From the repayment sequence, we see that the amount repaid in the 21st month is given by the formula:
[ a + (21 - 1)d ]
Given that ( a = 149 ) and ( d = -2 ):
[ ext{Amount} = 149 + (21 - 1)(-2) ]
This simplifies to:
[ 149 - 40 = 109 ]
Thus, the amount Sean repays in the 21st month is £109.

The total amount repaid over n months sums to £5000. Hence, we write:
[ S_n = 5000 ]
Utilizing the sum formula derived earlier:
[ \frac{n}{2} [2a + (n - 1)d] = 5000 ]
Inserting our known values ( a = 149 ) and ( d = -2 ):
[ \frac{n}{2} [2(149) + (n - 1)(-2)] = 5000 ]
This simplifies to:
[ n[149 - (n - 1)] = 10000 ]
or
[ n(150 - n) = 10000 ]
Rearranging gives us:
[ n^2 - 150n + 5000 = 0 ]
which can be rewritten as:
[ n^3 - 150n + 5000 = 0 ]
showing our desired equation.

To solve the equation ( n^3 - 150n + 5000 = 0 ), we can use methods such as synthetic division or finding rational roots.
Through test values, we try n = 25:
[ 25^3 - 150 \cdot 25 + 5000 = 15625 - 3750 + 5000 = 0 ]
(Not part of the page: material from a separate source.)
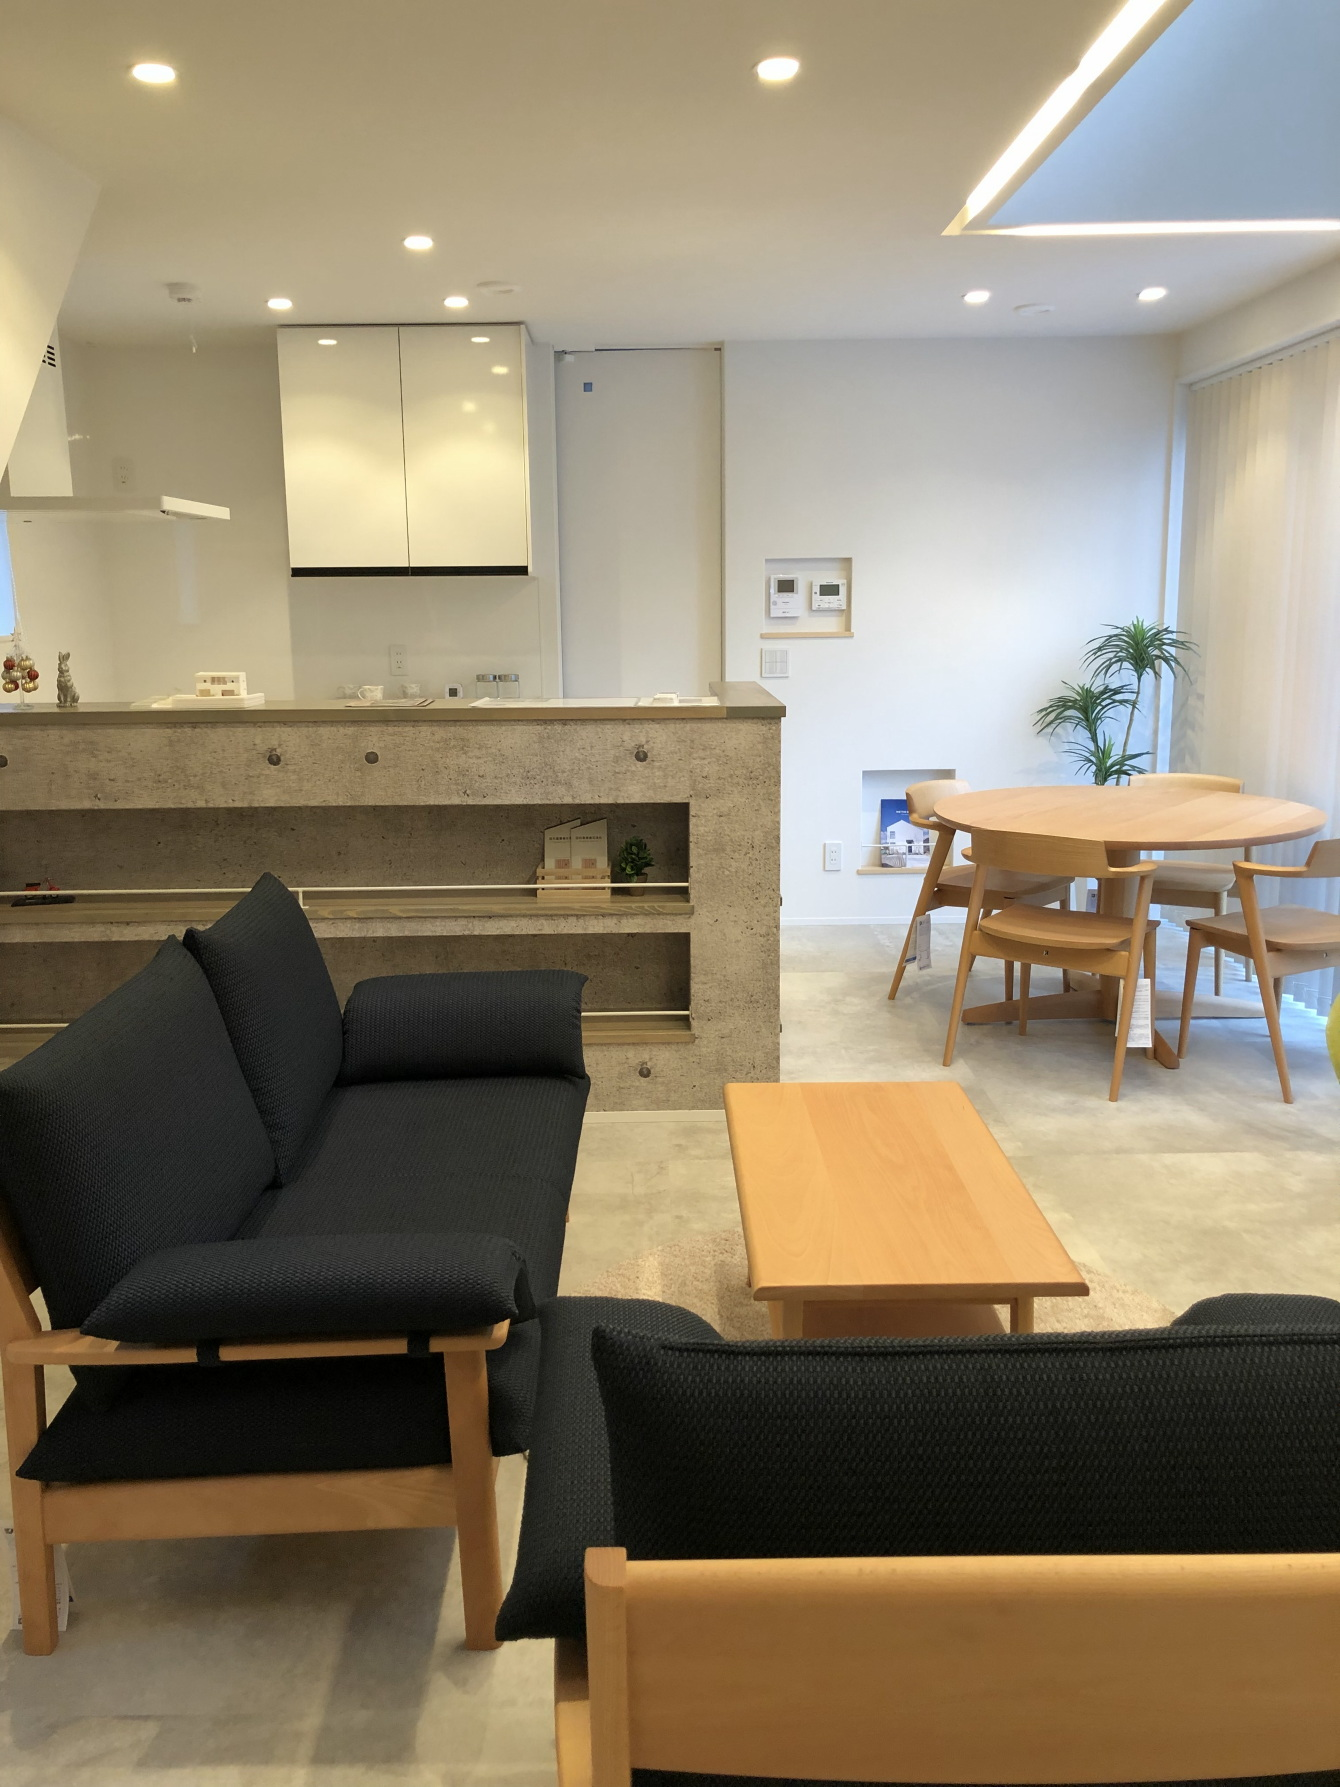 田村市の施工例、コンパクト&北欧デザインの家リビング&キッチン2

Finding that n = 25 is a solution. We can perform polynomial long division or use synthetic division to factor:
[ (n - 25)(n^2 + 25n - 200) = 0 ]
Next, we solve the quadratic using the quadratic formula:
[ n = \frac{-b \pm \sqrt{b^2 - 4ac}}{2a} ]
Substituting ( a = 1, b = 25, c = -200 ):
[ n = \frac{-25 \pm \sqrt{625 + 800}}{2} = \frac{-25 \pm \sqrt{1425}}{2} ]
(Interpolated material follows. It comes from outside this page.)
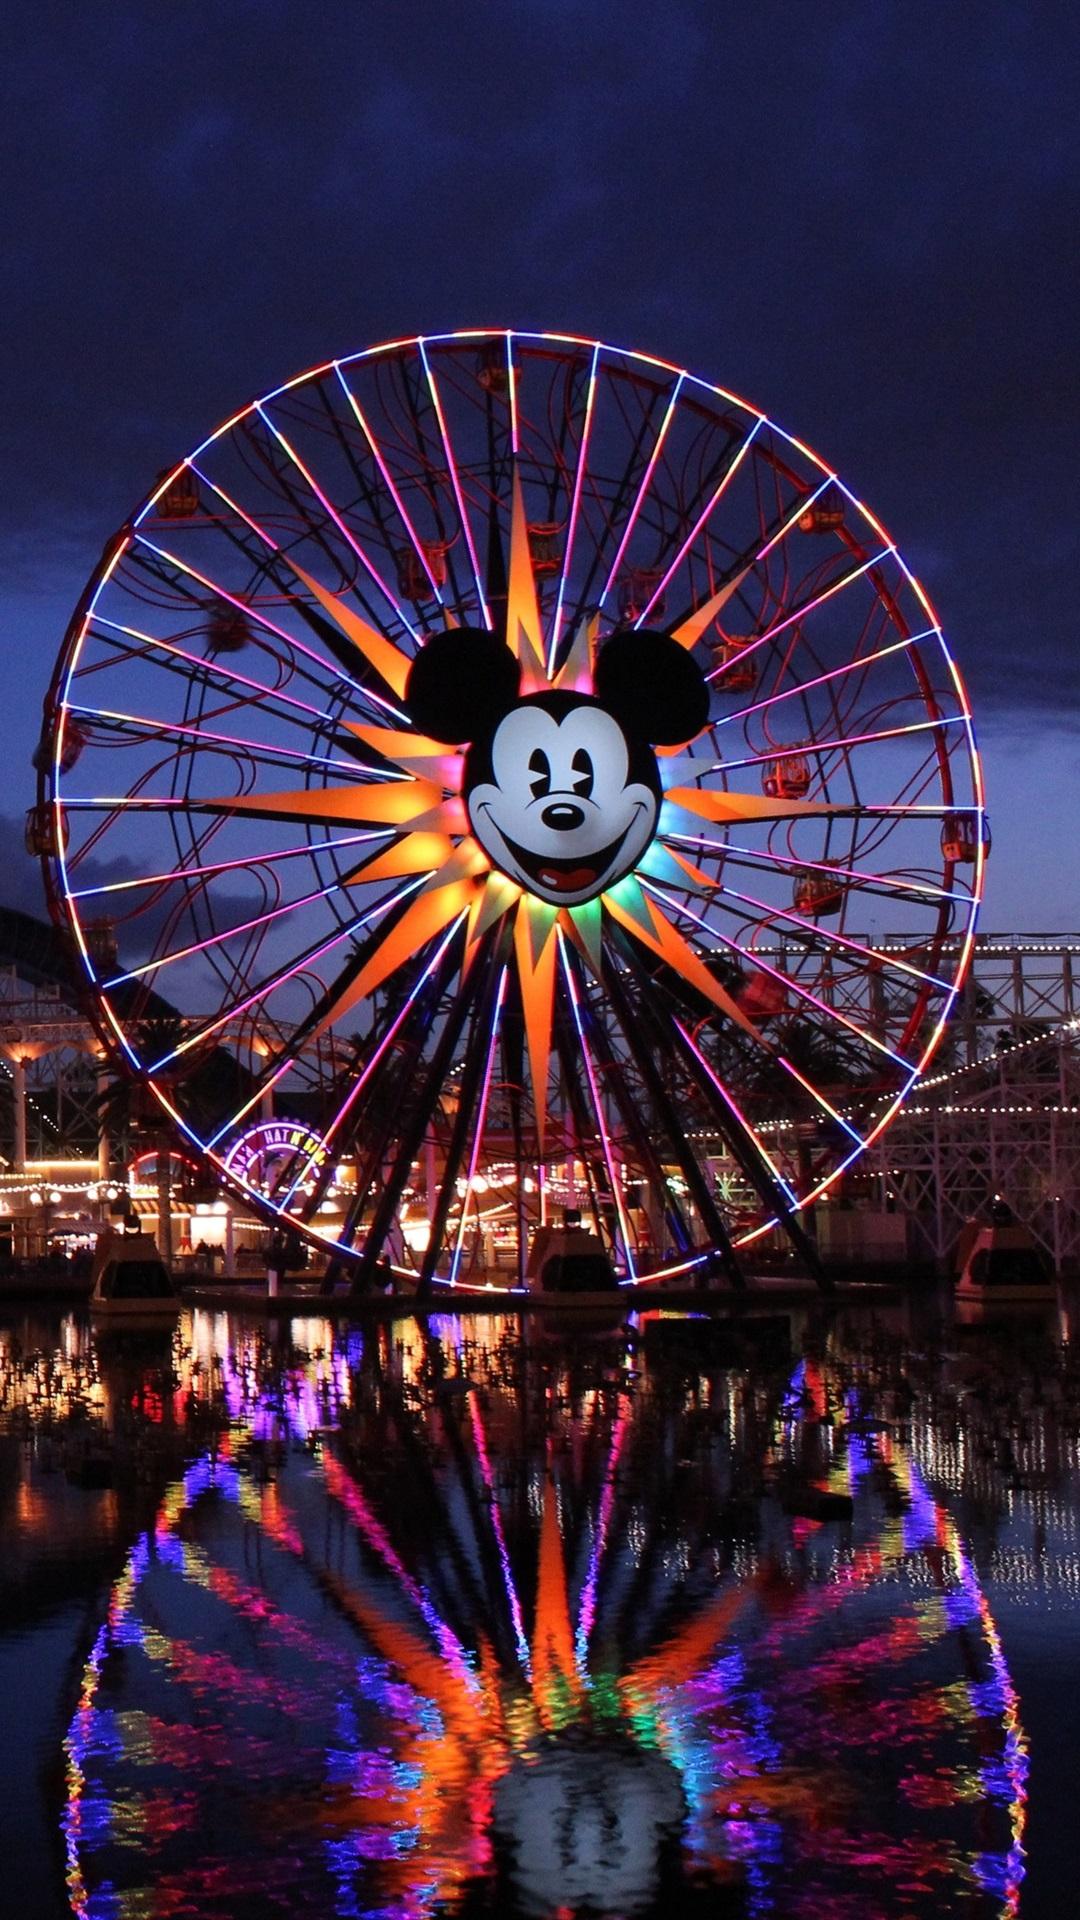 Disney California Adventure Paradise Pier Roller Coaster Ferris

The remaining two roots can be further evaluated. Ultimately, n could also yield other values depending on the solutions of the quadratic.

From the context, n represents the number of months Sean is repaying the loan. Therefore, n must be a positive integer. Any negative value or non-integer derived from the equation is not sensible for this scenario.
For this reason, any solution that yields n less than or equal to 0, or is not a whole number, would be deemed unacceptable.